Set Your Course for Walmart
Dismayed by the apparent lack of product, I decided to make my way to Walmart, though as I left I made sure to ask a Toys R Us employee what was with the low stock. He said that what I saw was what they got, and to call on Tuesday when they got their shipment in.
Hoping that I wouldn’t miss my X-Wing, I punched it toward the Owings Mills Wal-Mart, not realizing that they were not 24 hour, nor were they participating in Force Friday. At this point, it was 12:40am, I hadn’t eaten in twelve hours, and I had nothing in my van aside from the free giveaways from Toys R Us; a poster and a bizarrely-shaped Lego piece adorned with a Stormtrooper. I wasn’t about to let my kids down, so I made my way towards my hometown, 24 hour Walmart.
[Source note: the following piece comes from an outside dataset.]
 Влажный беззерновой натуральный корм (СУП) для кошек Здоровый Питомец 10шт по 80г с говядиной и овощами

My Minivan Cannot Make the Kessel Run in Less Than Twelve Parsecs
About a mile away from the Walmart, suddenly the interior of my vehicle became exponentially brighter, a side effect of the police car shining it’s spot light into my van. The light then turned a red and blue hue as his rollers came on. The conversation went a little like this:
Cop: “How long have you owned this van?”
Jason: “About 6 or 7 years. It’s up for sale if you want it!”
C: “I need to see your identification.”
J: (Waves Hand) “You don’t need to see my identification.”
C: “Yes I do.”
J: “Yes sir…what I meant to say was, (waves hand) you don’t need to write me a ticket.”
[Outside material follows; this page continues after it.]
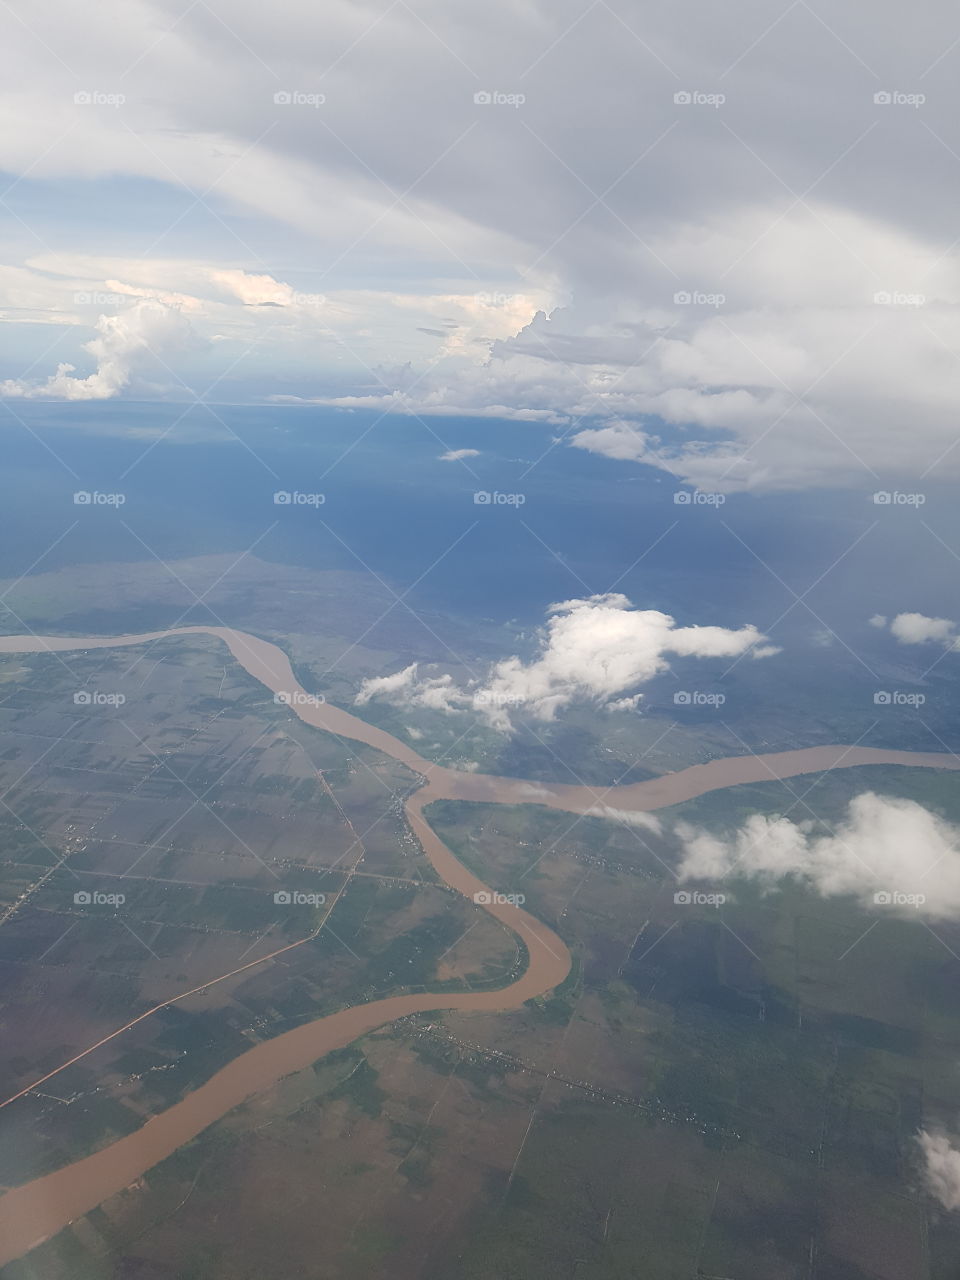 Batanghari River

C: “I don’t need to write you a ticket…I need to write you a repair order.”
Ten minutes later I was on my way.
The Dark Side Seems so Much More Festive at Wal-Mart
It seems that the Dark Side has upgraded from cookies, and is now trying to woo new followers via cupcakes.
You Must Learn Controllers
Apparently Xbox is the official gaming system of the Star Wars saga.
Now I Have You
So it seems all of the world’s Black Series action figures were redirected to Walmart.
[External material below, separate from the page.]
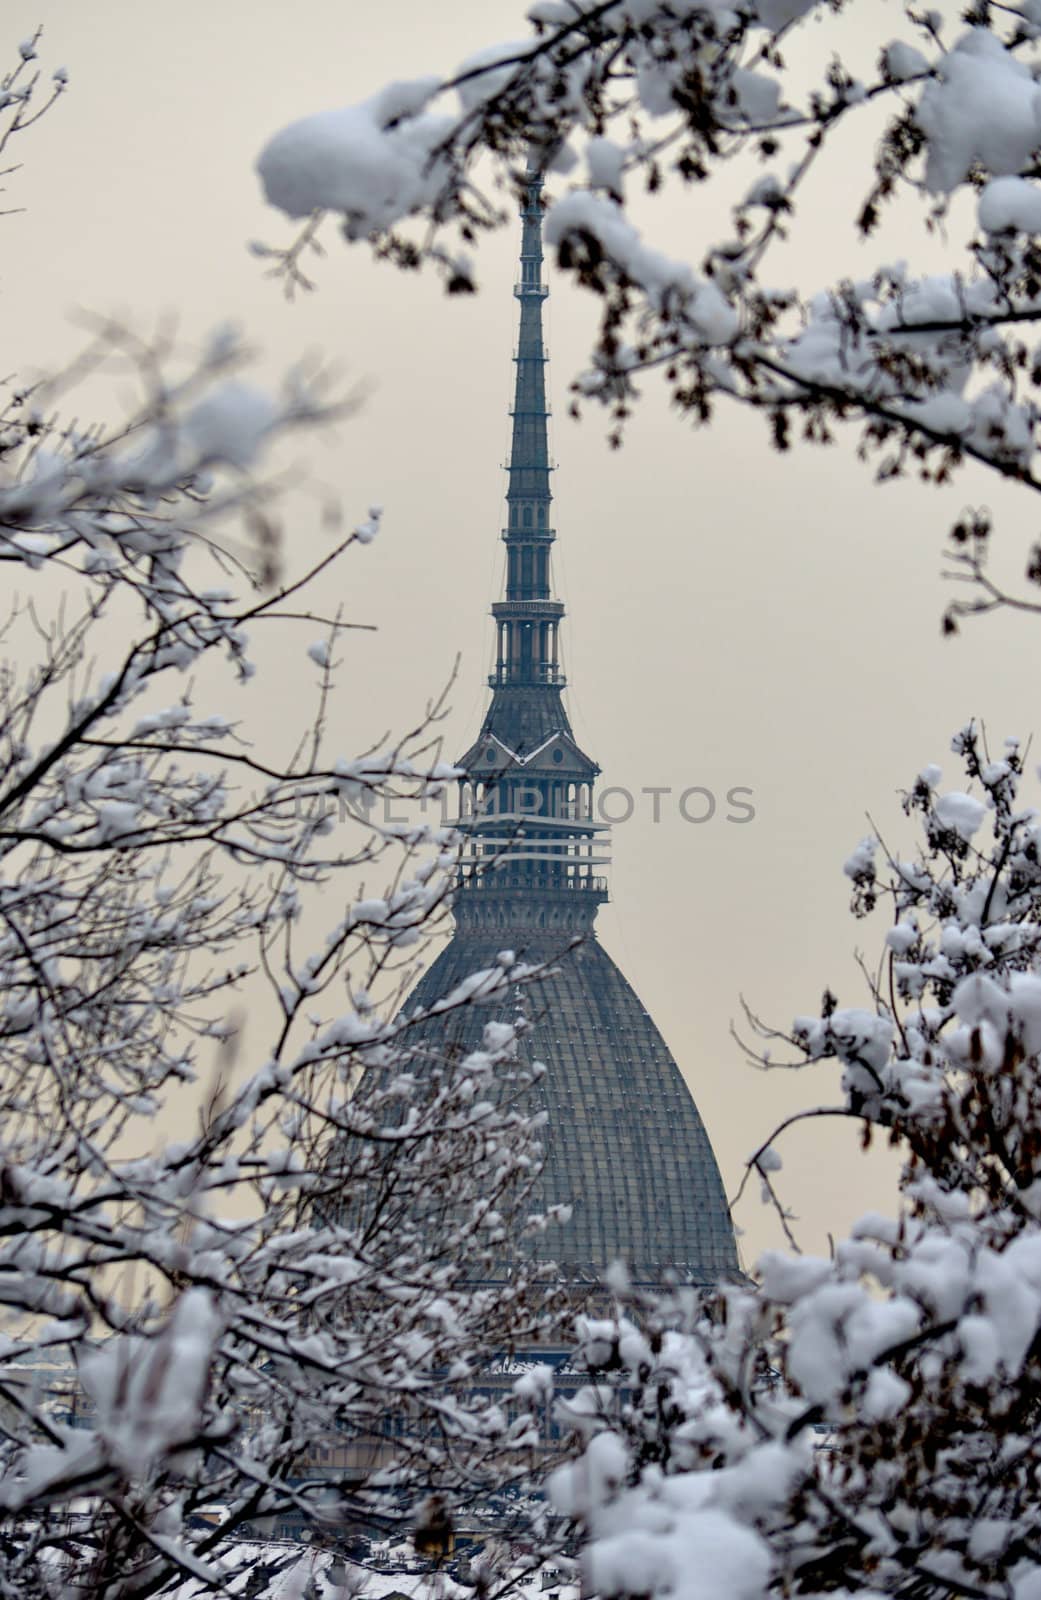 Mole Antonelliana in Turin during wintertime by artofphoto

Every character seems to be well represented in their inventory, including Kylo Ren.
First You Get the Paper, Then You Get the Power
Toys aren’t the only thing on the Star Wars menu…school supplies are the cheapest way to bring home the magic of Star Wars tonight. All joking aside, that Stormtrooper notebook looks pretty frakking awesome.
My X-Wing Must Have a Cloaking Device
Sadly, my Poe Dameron black X-Wing is nowhere to be found. In fact, the Wal-Mart is as limited on Star Wars vehicles as the Toys R Us was in Black Series figures. After two stores, one traffic stop, and forty miles, I sure as hell am not going home empty. Here’s my catch of the day:
My boys are going to be practicing their blast patters with the Nerf Stormtrooper rifle and adorning their wall with the free giveaway poster from Toys R Us. The Rey figure will be my daughter’s first action figure; likely The Force Awakens will be her first movie in the theaters. The Black Titanium Series X-Wing is heading towards my desk at work.
And of course, there’s one other thing I got tonight:
Happy Force Friday, and May the Force Be With You…Always.